Closed frodsan closed 9 years ago
mkristian
commented
9 years ago I am using rack-protection for the same purpose. it is very flexible and configurable. did not double check but you have a few options which are NOT part of rack-protection - maybe you could contribute your improvements there ;)
frodsan
commented
9 years ago @mkristian I was using rack-protection too. I really don't like Rack middlewares to set up these headers. I think we can adapt some Rack::Protection features to Cuba without using them.
This is a benchmark I made in an app:
| Application | Requests/sec |
|---|---|
| App with .use(Rack::Protection) | 2516.68 |
| App without Rack::Protection | 4752.51 |
I would like to reduce that overhead. You can see the following benchmark: https://github.com/harmoni-io/cuba-secure_headers/blob/master/benchmark/secure_headers.rb#L51. That would be the same benchmark between this plugin an a couple of Rack::Protection middlewares.

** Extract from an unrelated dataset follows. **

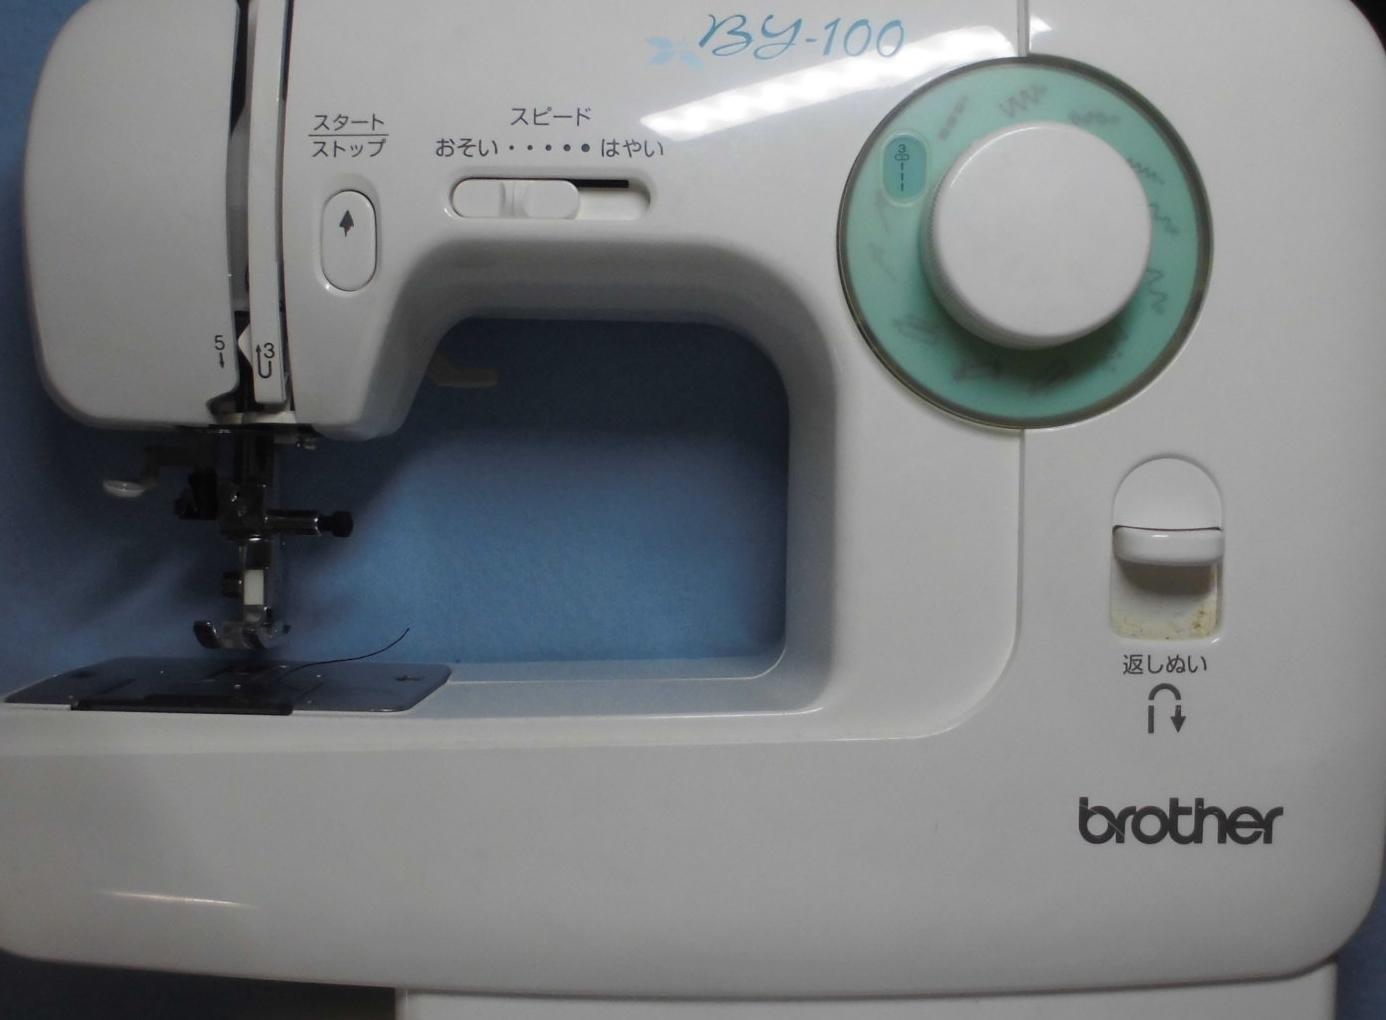 ブラザーミシン修理|BY-100 EL130|下糸を拾わない、縫えない、釜が動かない

UPDATE: We can make this plugin configurable, but I prefer to have an use case first or a report from someone.
UPDATE 2: I was using rack-protection to set those headers. I still use rack-protection (session hijacking & path traversal).
mkristian
commented
9 years ago @frodsan I see your intention now. the numbers are impressive - I guess I will try this plugin as well ;)
with Strict-Transport-Security in development I had a bad experience when I used "noscript"-addon + firefox: it kept the STS config for localhost which made other apps on localhost without https just fail all the time. it took me quite a while to find the noscript cache (or to find that noscript is the problem)
First step to add secure by default methods.